Céline peut même, dans les formules signifiant l'absurdité de la vie, rivaliser avec le discours philosophique habituel. Mais le décrochage au niveau du français populaire vient changer le ton de cette philosophie tragique : on sent « son néant individuel », on prend conscience de « tout le ridicule de notre puérile et tragique nature » pour « se déboutonner devant l'Éternité ». La vie humaine est définie en français soutenu comme « faillite » (pages 332, 482), « désarroi » (pages 435, 436), « déroute » (page 482), « débâcle » (page 435). Mais avec « débine » (page 296), « tout n'arrive à rien, la jeunesse et tout » (page 364), on avance « sur le chemin de rien du tout » (page 458), on passe de l'autre côté de la frontière linguistique qui sépare le français écrit du français populaire : les formules sont populaires par la simplicité de la métaphore, par leur gaucherie, elles expriment une lassitude ou un épuisement d'ailleurs déclarés dans le contexte de chacune.

Céline se moque des phrases des gens distingués qui sont « mal foutues et prétentieuses mais astiquées alors comme des vieux meubles [...] On a peur de glisser dessus, rien qu'en leur répondant » (page 403). Il se livre donc à la satire du discours de Princhard, de son cabotinage, de sa futilité d'intellectuel (page 67), des allusions à « l'honneur de la famille » (pages 68, 261), des propos de la bru Henrouille à l'abbé Protiste (page 343).
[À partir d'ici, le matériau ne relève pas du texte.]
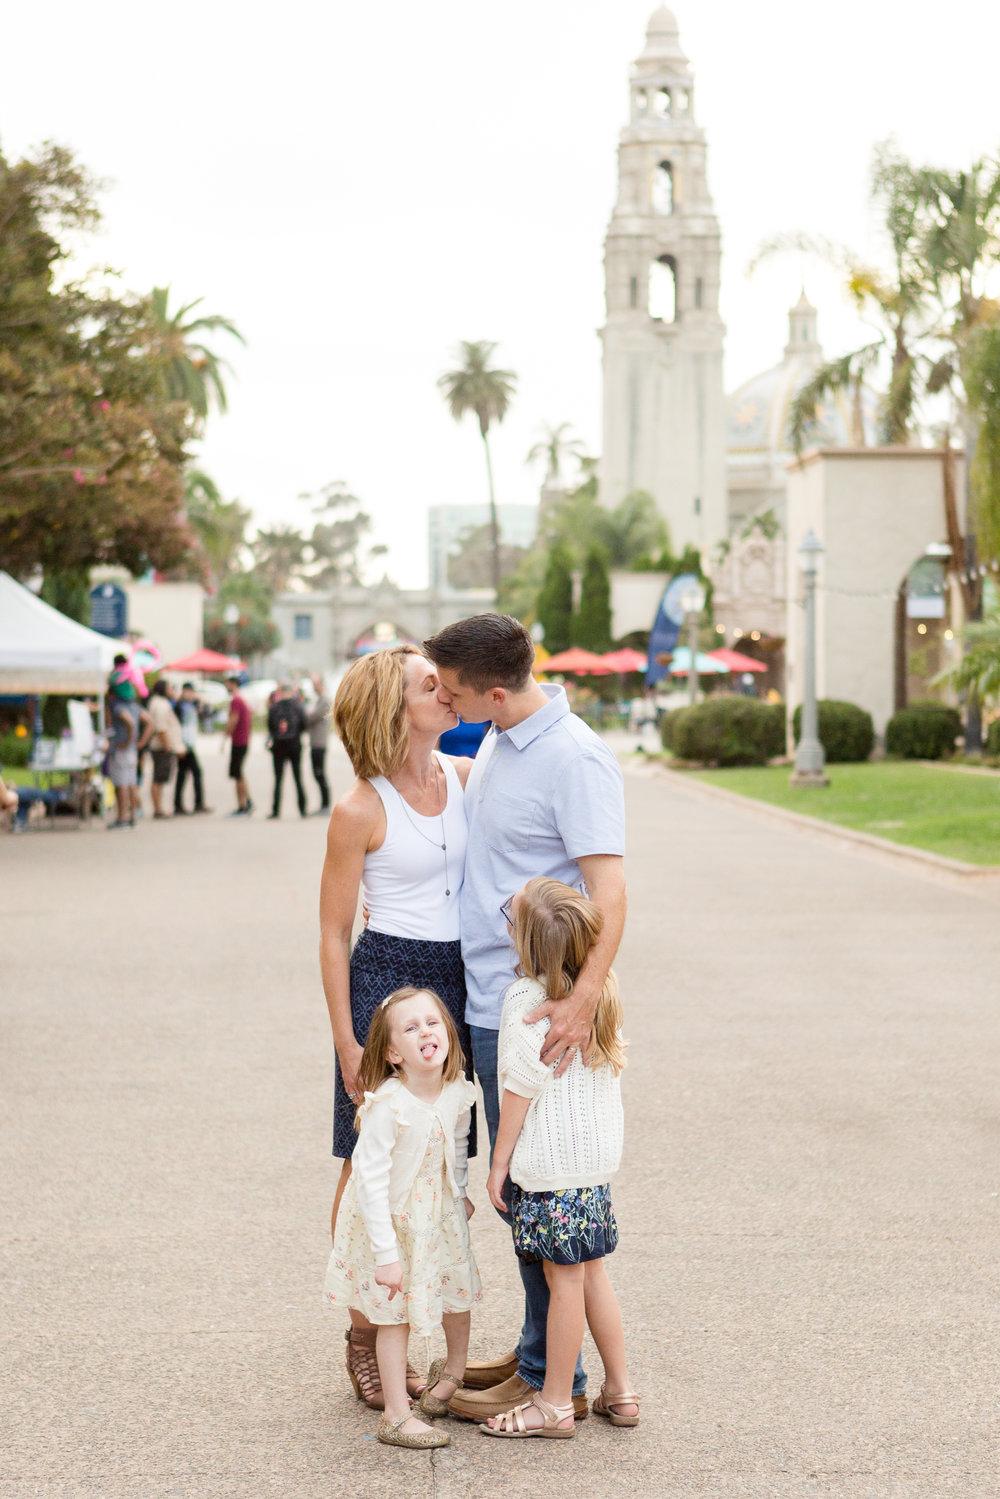 San Diego Family Photographer Balboa Park Christine Dammann Photography-14.jpg

Mais Bardamu, pour sauver sa peau sur ‘’L'Amiral-Bragueton’’, sait bien recourir à la rhétorique, le temps de retourner la situation.
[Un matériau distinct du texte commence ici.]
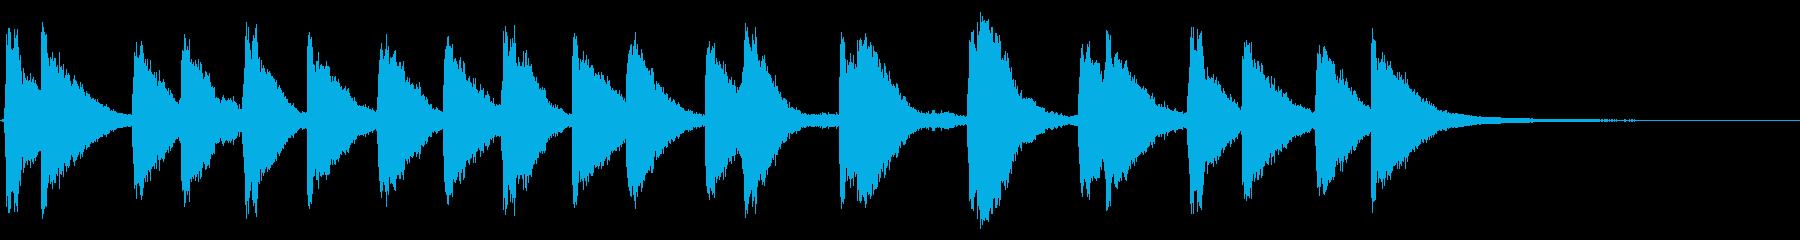 メルトン教会、2つの鐘:リンギングの再生済みの波形

Céline se moque aussi de l'accent que les gens distingués gardent, même quand ils affectent de parler une langue populaire, cet accent qui a « comme un petit fouet dedans, toujours, comme il en faut un, toujours, pour parler aux domestiques » (page 403).

Cependant, sa syntaxe n'est pas toujours incorrecte. La première phrase commence par un passé composé, mais le passé simple, qui n'est pas employé à l'oral, ne tarde pas à réapparaître : « C'est tout à fait comme ça ! que m'approuva Arthur » (page 10). On trouve même l'imparfait du subjonctif : « D'où qu'ils provinssent décidément, ils ne pensaient qu'à cela » (et non à « ça ») (page 86).

Il va jusqu'à des coquetteries :

- « mander licence de », formulation de style archaïque pour « demander la liberté de » qu'il emploie pour se moquer de « la belle subventionnée de la Comédie » (page 98) ;

- « Voisines, de fort agréables candidates au dîner comme moi ne me disaient mie » : ce qui signifie « ne me disait rien », « mie » étant une ancienne particule de négation (page 206) ;

- « croustille, endémique, l’odeur des guerres » : l'emploi du verbe « croustiller » qui signifie « croquer sous la dent » est étonnant dans le cas d'une odeur (page 240) ;

- « Je l'aurais cependant bien dû tenter » : l’antéposition du pronom complément est caractéristique de la langue classique (page 262) ;

- « Il me souvient » : construction archaïque et recherchée (page 360) ;

- « Il fréquentait chez lui » : construction archaïque et recherchée (page 360).